■ Given data
==*==
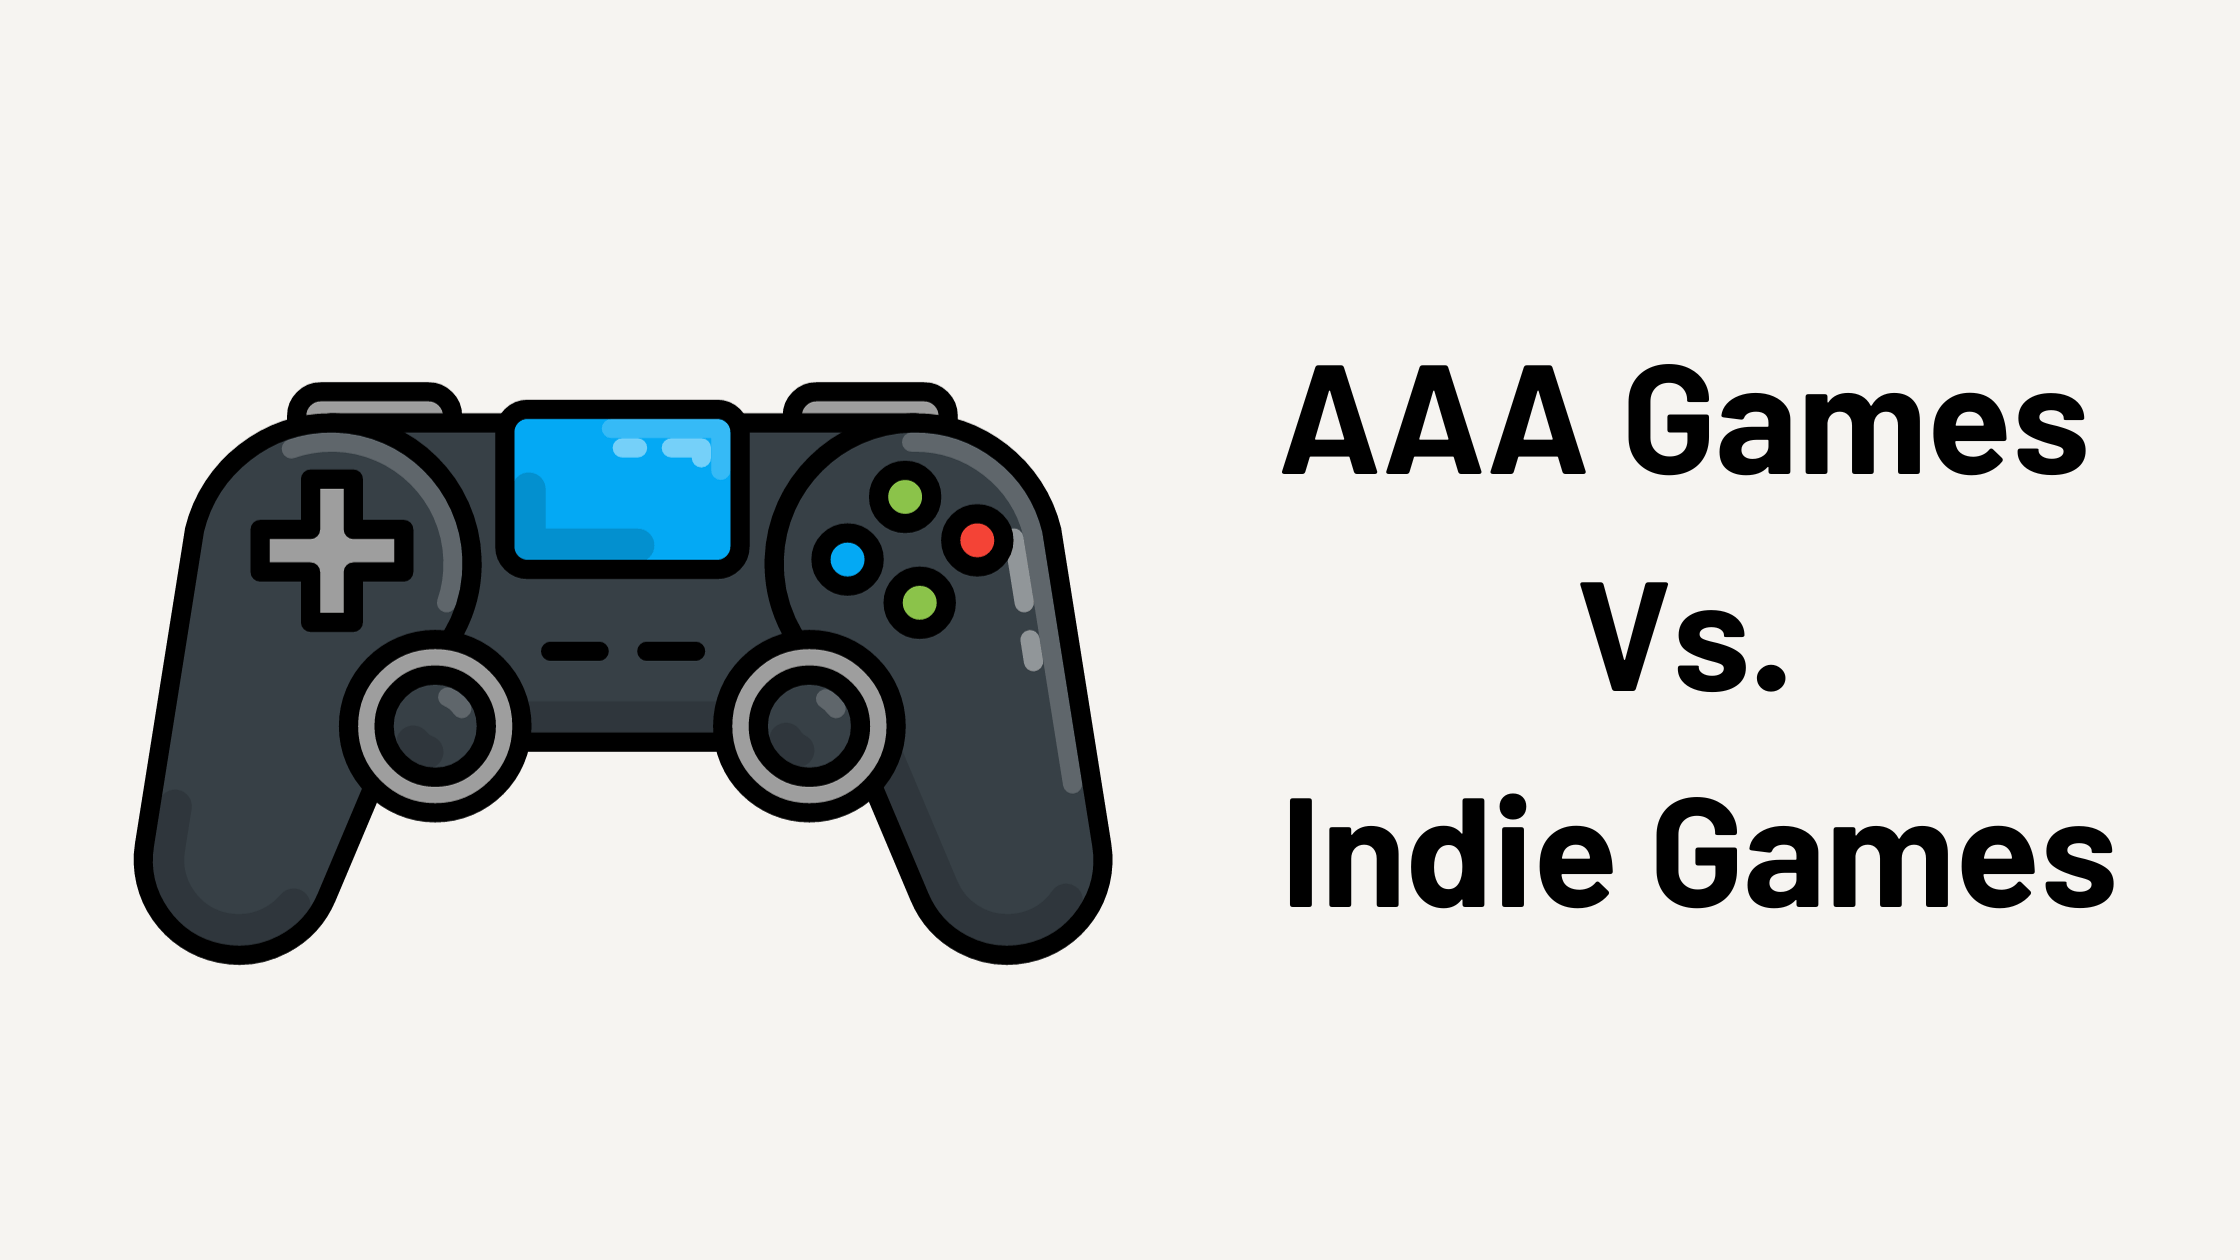 AAA Games vs. Indie Games
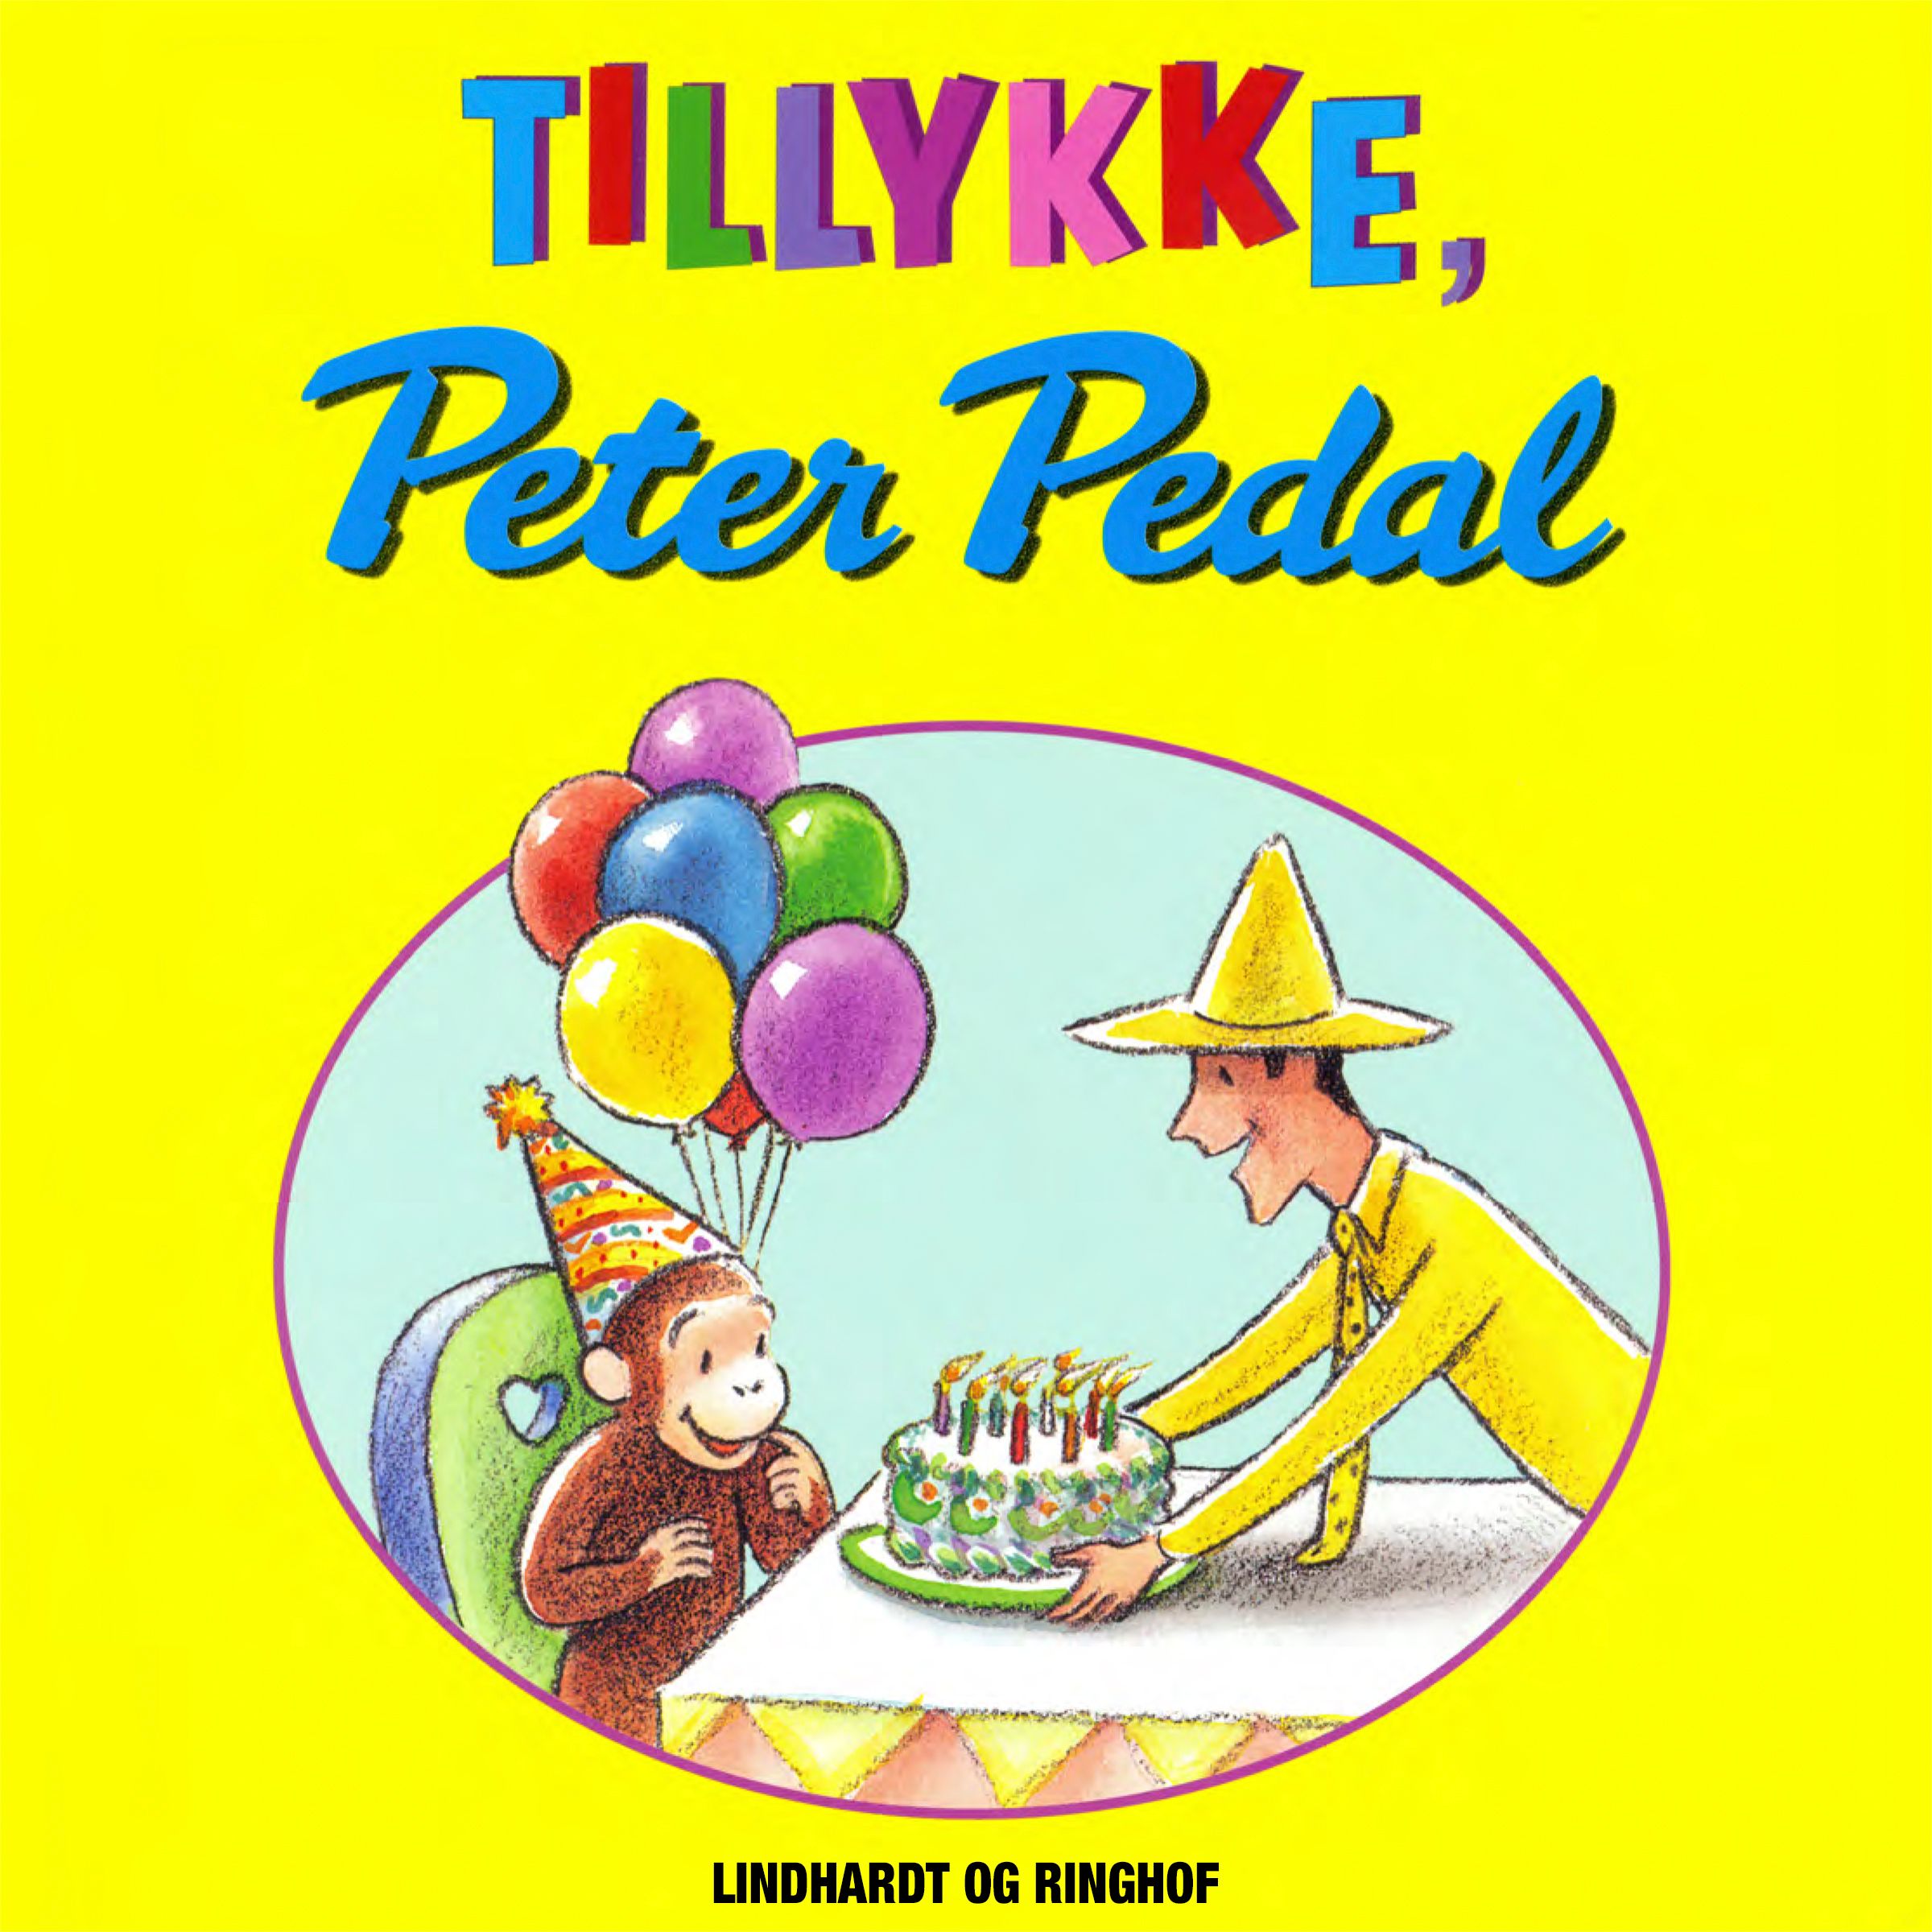 Tillykke, Peter Pedal, audiobook by Margret Og H.a. Rey
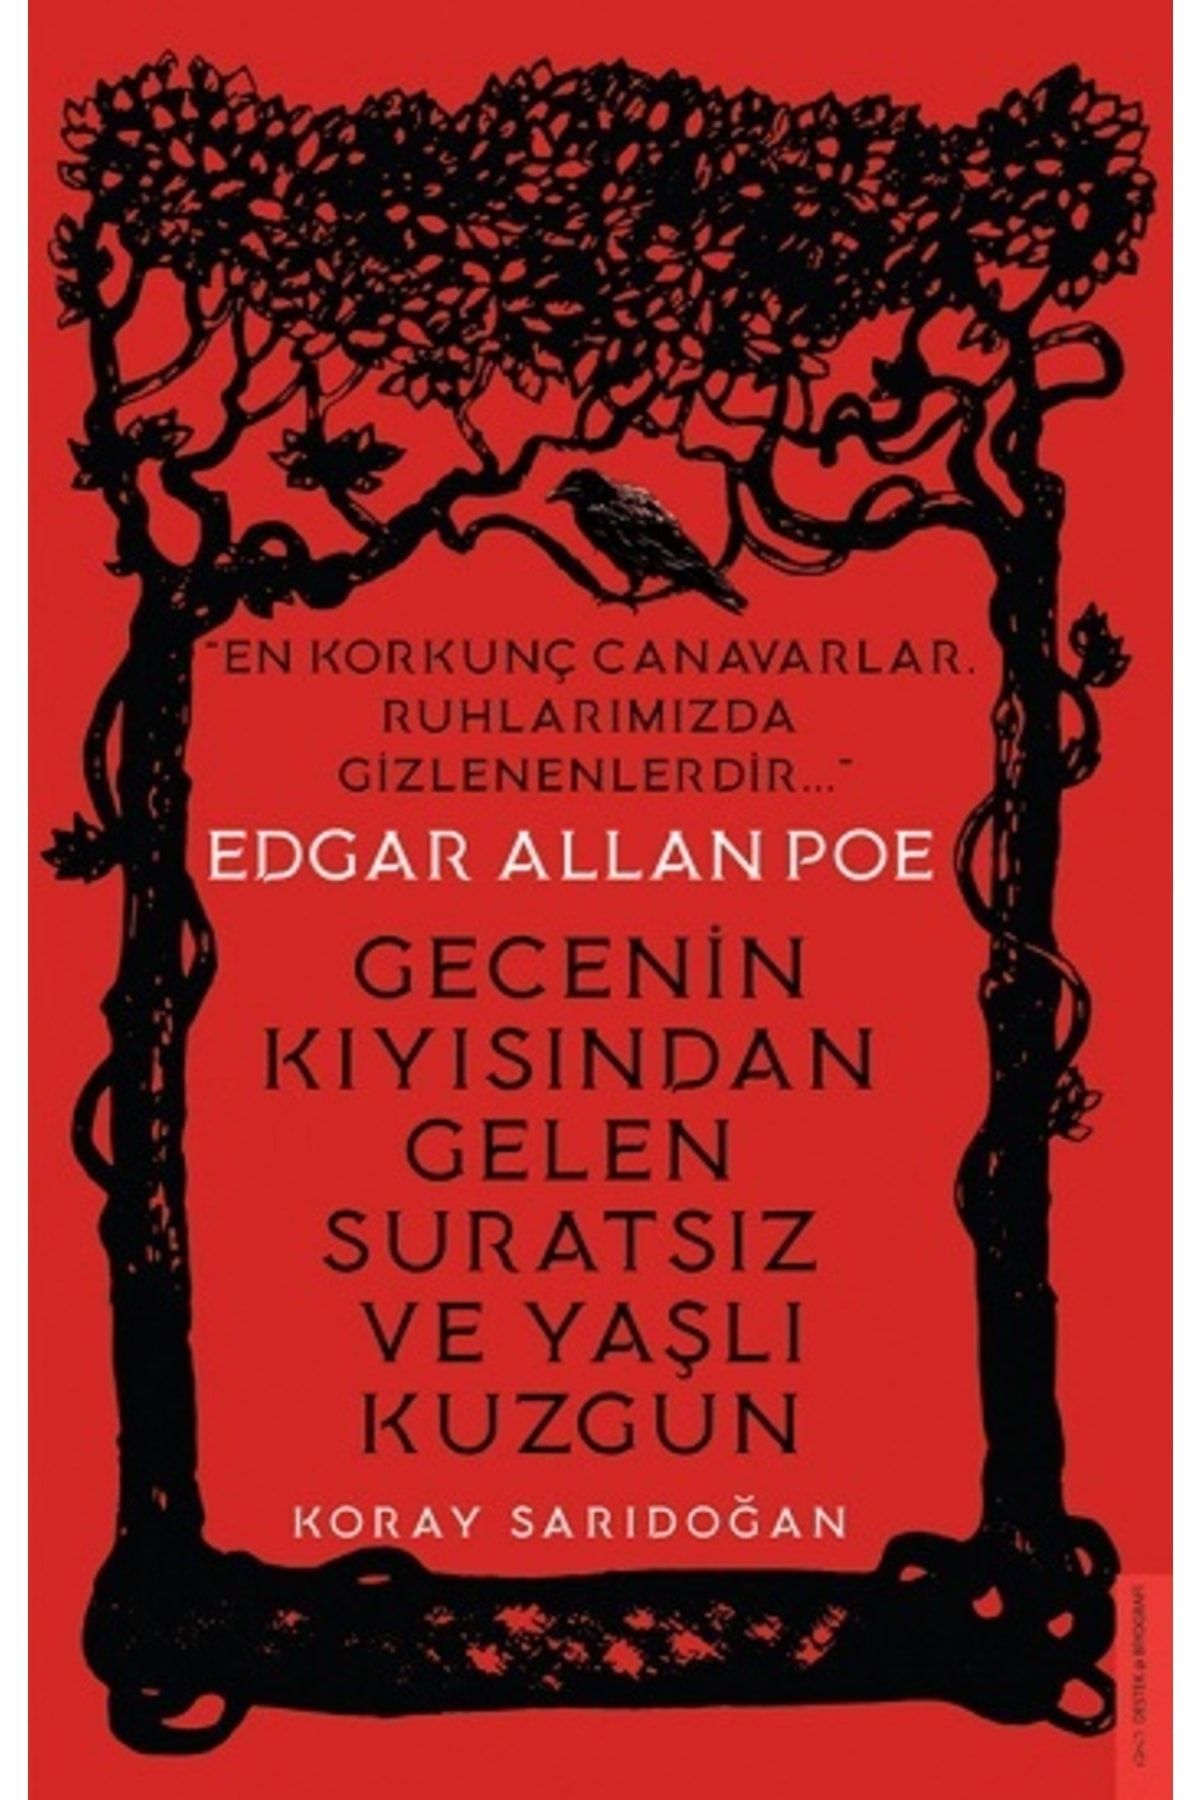 Destek Yayınları Edgar Allan Poe / Gecenin Kıyısından Gelen Suratsız Ve Yaşlı Kuzgun-namaz Tesbihatı Hediyeli
==*==
■ Exercise prompt
Each line above has to be returned exactly. Drop the pictures.

■ Exercise result
 AAA Games vs. Indie Games
 Tillykke, Peter Pedal, audiobook by Margret Og H.a. Rey
 Destek Yayınları Edgar Allan Poe / Gecenin Kıyısından Gelen Suratsız Ve Yaşlı Kuzgun-namaz Tesbihatı Hediyeli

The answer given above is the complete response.